Bayesian Neural Network

일반적인 심층신경망 모형은 지정된 차원의 parameter matrix $W$를 주어진 데이터로부터 학습합니다. 이때, 여타 베이지안 이론들과 마찬가지로 parameter $W$를 직접 구하기보다는, $W$의 사전분포를 설정하여 사후분포를 구하는 방법을 고려할 수 있습니다. 이러한 접근 방식을 사용하는 신경망 구조를 Bayesian neural network라고 하며, 앞선 pymc 모델들과 비슷한 방법으로 모델을 만들 수 있습니다. 이론에 대한 자세한 내용은, 추후 별도의 포스트로 다루도록 하겠습니다.

여기서는 분류 문제를 다루며, 사용할 데이터셋은 scikit-learn의 make_classification 모듈을 활용하여 toy data를 만들었습니다. 데이터셋의 생성 코드와 tSNE 플롯은 다음과 같습니다.

from sklearn.datasets import make_classification
from sklearn.model_selection import train_test_split
from sklearn.manifold import TSNE

X, y = make_classification(n_samples=1000, n_features=20, n_informative=10, n_classes=2, random_state=0, n_clusters_per_class=1)

X_train, X_test, y_train, y_test = train_test_split(X, y, test_size=0.2, random_state=0)

# plot tSNE

tsne = TSNE(n_components=2, random_state=0)
X_train_tsne = tsne.fit_transform(X_train)

plt.figure(figsize=(7, 7))
plt.scatter(X_train_tsne[y_train==0, 0], X_train_tsne[y_train==0, 1], label='Class 0', alpha=0.5)
plt.scatter(X_train_tsne[y_train==1, 0], X_train_tsne[y_train==1, 1], label='Class 1', alpha=0.5)
plt.title('tSNE')
plt.legend()
plt.show()

BNN을 생성하는 함수 construct_nn을 다음과 같이 정의하였습니다.

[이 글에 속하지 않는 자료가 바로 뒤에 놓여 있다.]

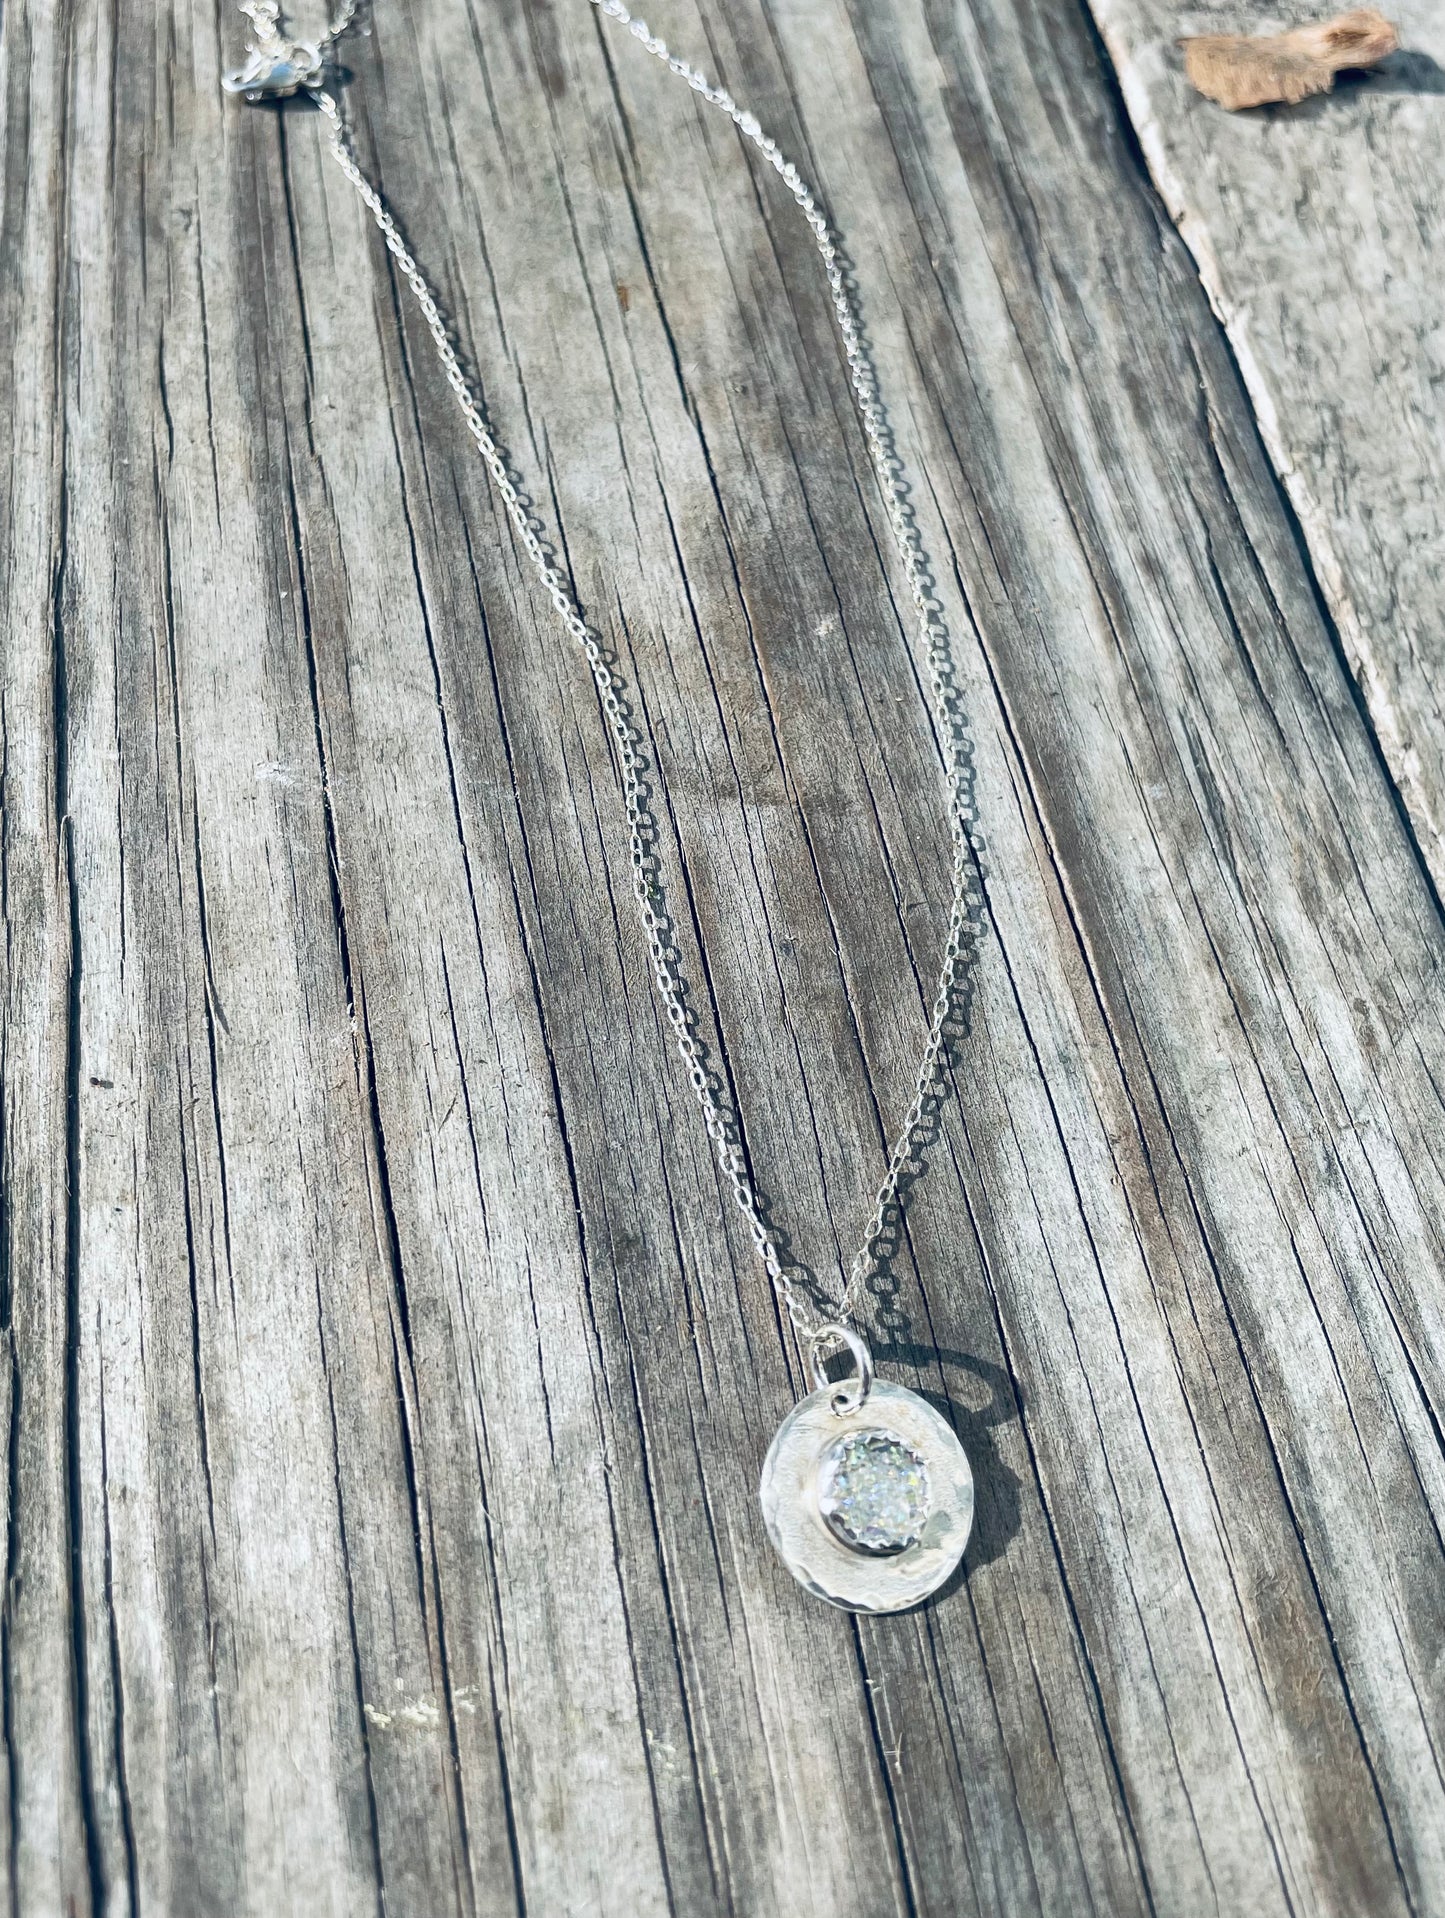 Geode Medallion Necklace

def construct_nn(ann_input, ann_output):
    n_hidden = 32

    # Initialize random weights between each layer
    init_1 = np.random.normal(size=(X_train.shape[1], n_hidden))
    init_2 = np.random.normal(size=(n_hidden, n_hidden))
    init_out = np.random.normal(size=n_hidden)

    coords = {
        "W1": np.arange(n_hidden),
        "W2": np.arange(n_hidden),
        "features": np.arange(X_train.shape[1]),
        # "obs_id": np.arange(X_train.shape[0]),
    }
    with pm.Model(coords=coords) as bnn:
        ann_input = pm.Data("ann_input", X_train, mutable=True, dims=("obs_id", "features"))
        ann_output = pm.Data("ann_output", y_train, mutable=True, dims="obs_id")

        # Weights from input to hidden layer
        weights_in_1 = pm.Laplace(
            "w_in_1", mu=0, b=1, initval=init_1, dims=("features", "W1")
        )

        # Weights from 1st to 2nd layer
        weights_1_2 = pm.Laplace(
            "w_1_2", mu=0, b=1, initval=init_2, dims=("W1", "W2")
        )

        # Weights from hidden layer to output
        weights_2_out = pm.Normal("w_2_out", 0, sigma=1, initval=init_out, dims="W2")

        # Build neural-network using tanh activation function
        act_1 = pm.math.maximum(0,pm.math.dot(ann_input, weights_in_1))
        act_2 = pm.math.maximum(0, pm.math.dot(act_1, weights_1_2))
        act_out = pm.math.sigmoid(pm.math.dot(act_2, weights_2_out))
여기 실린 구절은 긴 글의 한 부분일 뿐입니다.